This post is also available in: English (Englisch)
Heute habe ich die letzte saubere Unterhose angezogen. Also muss ich mal aktiv werden und Wäsche waschen. Es gibt eine Waschmaschine auf dem D–Deck für die Offiziere, die wir Passagiere benutzen dürfen. Außerdem gibt es ganz unten noch eine Wäscherei mit Waschmaschinen und Trockner. Da die Maschinen dort öfters benutzt werden, wasche ich bei den Offizieren und bringe dann das Zeug ganz runter, um es zu trocknen.
Nun ist alles gewaschen, getrocknet, gefaltet und weggeräumt.
Ein Tipp für die, die eine Schiffsreise auf einen Frachter antreten werden: Nehme bügelfreie Wäsche mit! Der Trockner hat keinen Knitterschutz. Es gibt zwar auch ein Bügelbrett und –Eisen, aber zum Bügeln habe ich keine Lust. Noch habe ich genug gebügelte Oberbekleidung dabei. Die Unterwäsche und der Schlafanzug müssen nicht gebügelt werden.

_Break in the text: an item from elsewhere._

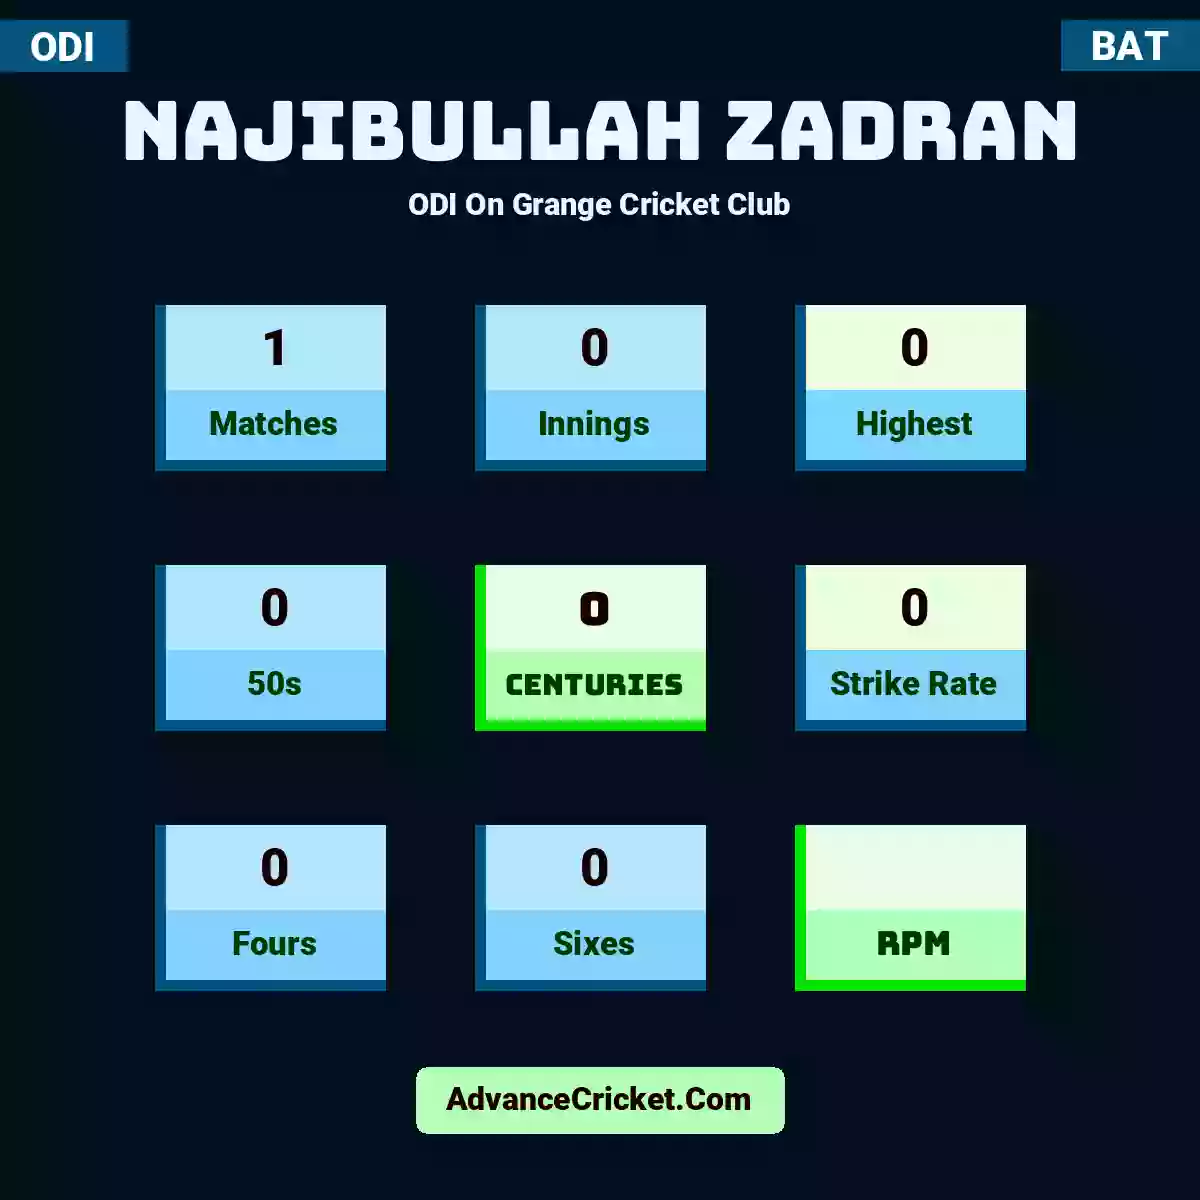 Najibullah Zadran ODI  On Grange Cricket Club, Najibullah Zadran played 1 matches, scored 0 runs as highest, 0 half-centuries, and 0 centuries, with a strike rate of 0. N.Zadran hit 0 fours and 0 sixes.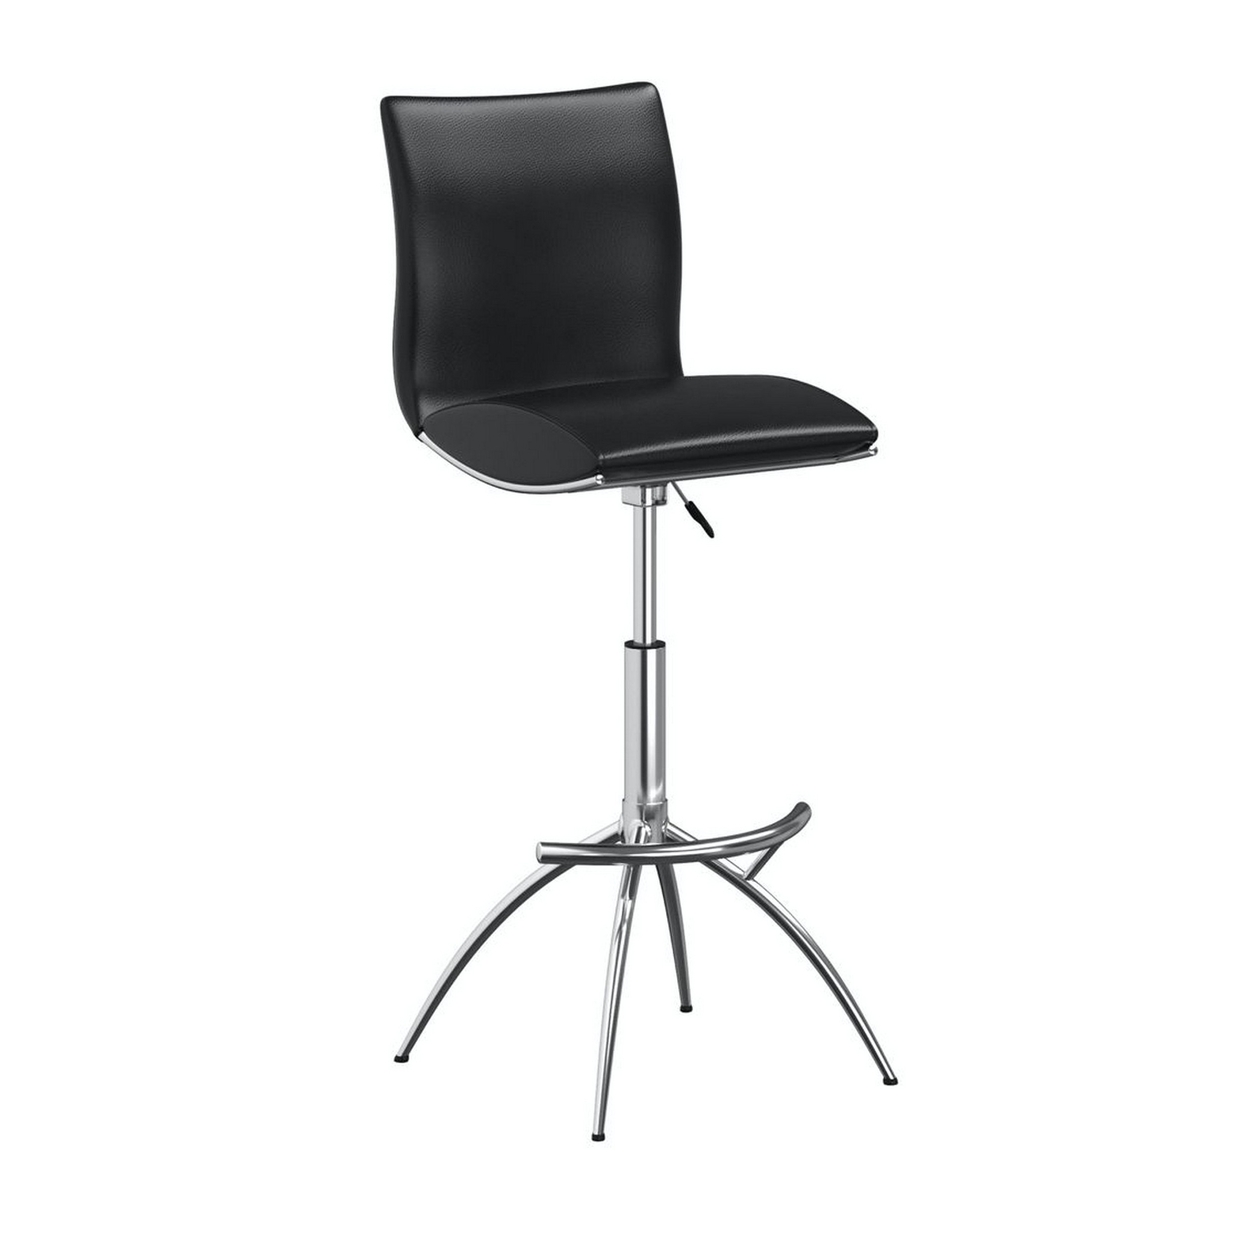 Deko 26-31 Inch Adjustable Height Barstool Chair, Set Of 2, Chrome Black Faux Leather - Saltoro Sherpi

Beim Mittagessen habe ich ein interessantes Gespräch mit dem Cargo Agenten der Reederei in Antwerpen. Die Planung für das Beladen des Schiffes fängt vier Wochen vorher an. Er kann, mit Papier, Kugelschreiber und Taschenrechner einen groben Plan von dem machen, was wohin kommt. Dabei kommt es auf drei Faktoren an: die Größe des Objekts, das Gewicht und die Reihenfolge der Häfen, die angefahren werden.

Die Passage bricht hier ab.